The etiopathogenesis
of XGI is not well understood; however, it can be
associated with diabetes and may be caused by
infection, post-FNAC trauma, obstruction, foreign
body, chemoradiation, or concurrent tumour due to
an immune system disorder such as abnormal
chemotaxis, lipid transfer issues, or an
overreaction to microorganisms like Escherichia
coli or Proteus, influenced by genetic
predisposition and nutritional status.[8] A
pre-existing cyst or glandular tissue is often
linked to these uncommon neck occurrences.[3]
Typical gross findings include bright yellow or
golden yellow mass-like lesions or streaks seen in
most organs. Microscopic examination shows
variable amounts of fibrous tissue, abscess
cavities, micro-abscesses, and a substantial
number of lipid-laden macrophages, along with both
chronic and acute inflammatory cells. Additional
features include foreign body-type and Touton-type
giant cells, cholesterol clefts, and hemosiderin
deposits.[8] In this case, the bilateral thyroid
was extensively effaced by XGI, which transformed
into a large cystic cavity filled with necrotic,
thick, pus-like material. Due to the limited
ability to distinguish neck xanthogranuloma from
other diseases solely based on clinical and
radiological findings, histopathological
examination remains the gold standard for
diagnosis. The hallmark microscopic features of
XGI include sheets of foamy (lipid-laden)
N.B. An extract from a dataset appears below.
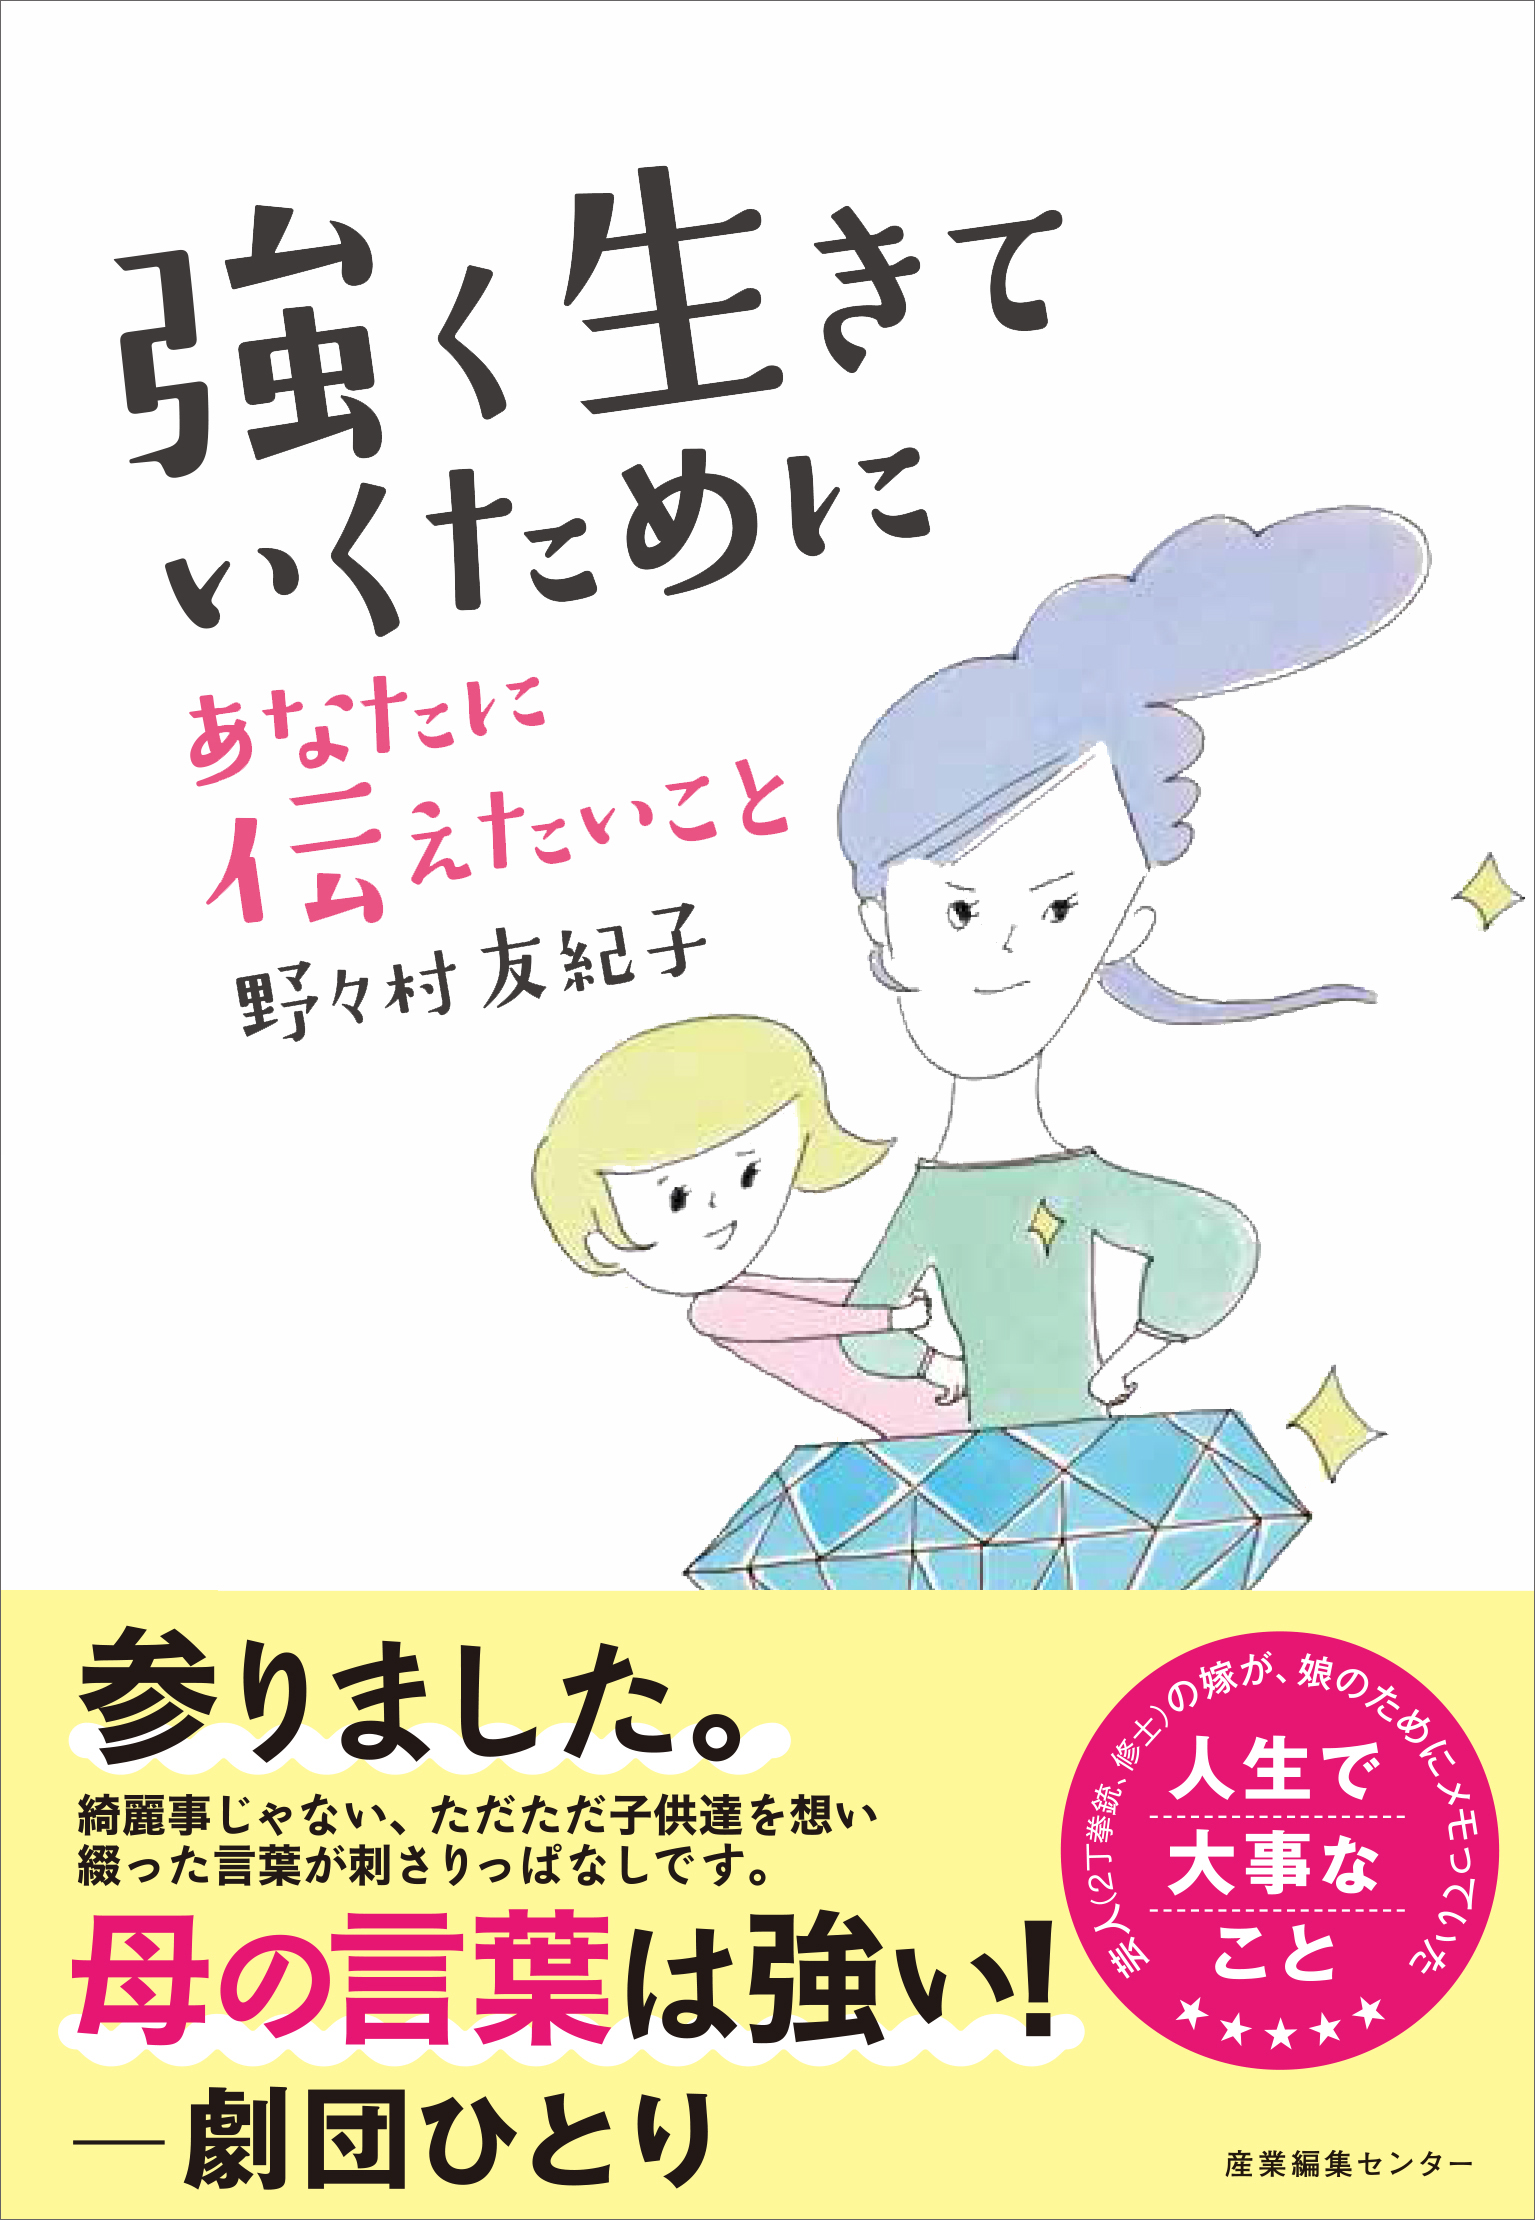 深イイ話 で話題 芸人の嫁 野々村友紀子 初の著書がついに発売

histiocytes, Touton giant cells, and lymphocyte
aggregations, with or without necrosis.
Differential diagnosis should include other benign
histiocytic conditions, such as dendritic cell
disorders (further divided into Langerhans cell
histiocytosis and non-Langerhans cell
histiocytosis) and macrophage disorders (e.g.,
haemophagocytic lymphohistiocytosis, Rosai–Dorfman
disease).[3] Since XGI is entirely benign, it may
sometimes regress spontaneously or respond to
antibiotics, and it does not recur after complete
excision, resulting in a good prognosis.[8] The
coexistence of cancer and XGI is rare but
documented in the literature.[12] Once a
definitive diagnosis is made, extended surgical
resection remains the optimal management, with
vigilant follow-up essential from the outset of
treatment.
Conclusion
Primary
xanthogranulomatous thyroid inflammation is rare,
especially in a non-diabetic, surgically naive
elderly patient. Diagnosing thyroid XGI was
difficult in this case because of the absence of
specific risk factors, clinical and radiological
findings, and inconclusive FNAC. Histopathological
examination is essential to exclude other lesions.
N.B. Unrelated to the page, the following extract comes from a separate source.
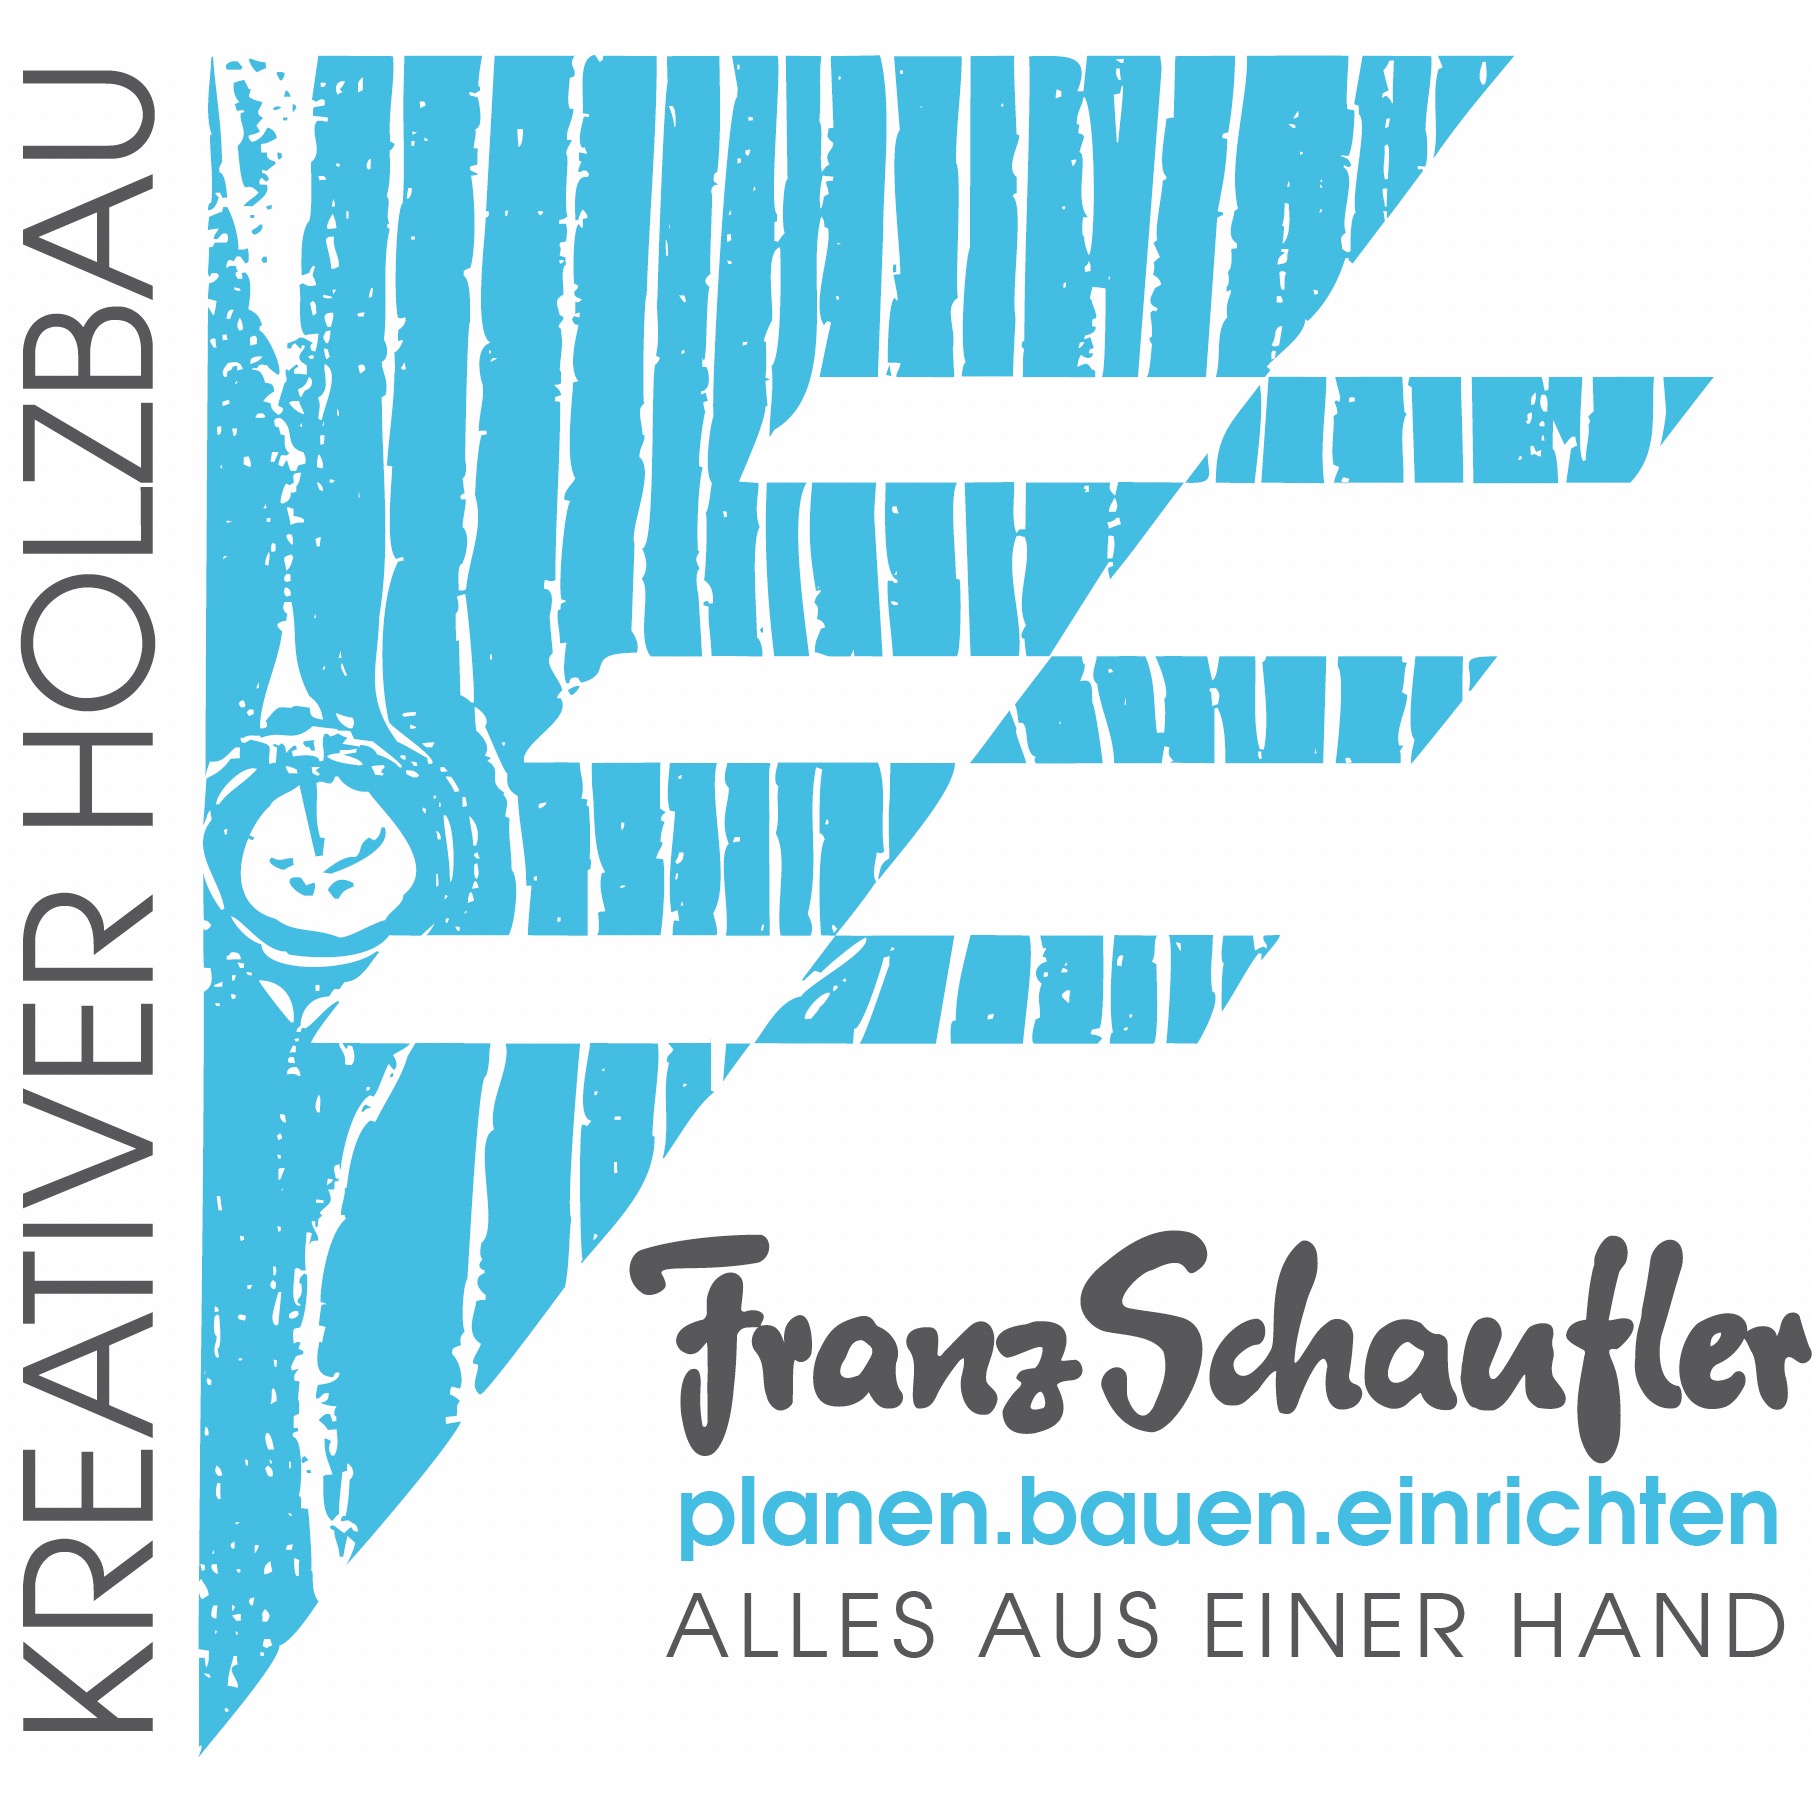 Franz Schaufler Kreativer Holzbau GmbH

Due to limited literature on thyroid XGI, its
pathophysiology remains unclear. Awareness of this
inflammatory condition is important for both
pathologists and surgeons to avoid unnecessary
extensive surgery and overdiagnosis of malignancy.
Careful follow-up is crucial to detect new
lesions, early recurrence, or the development of
systemic disorders from the initial treatment.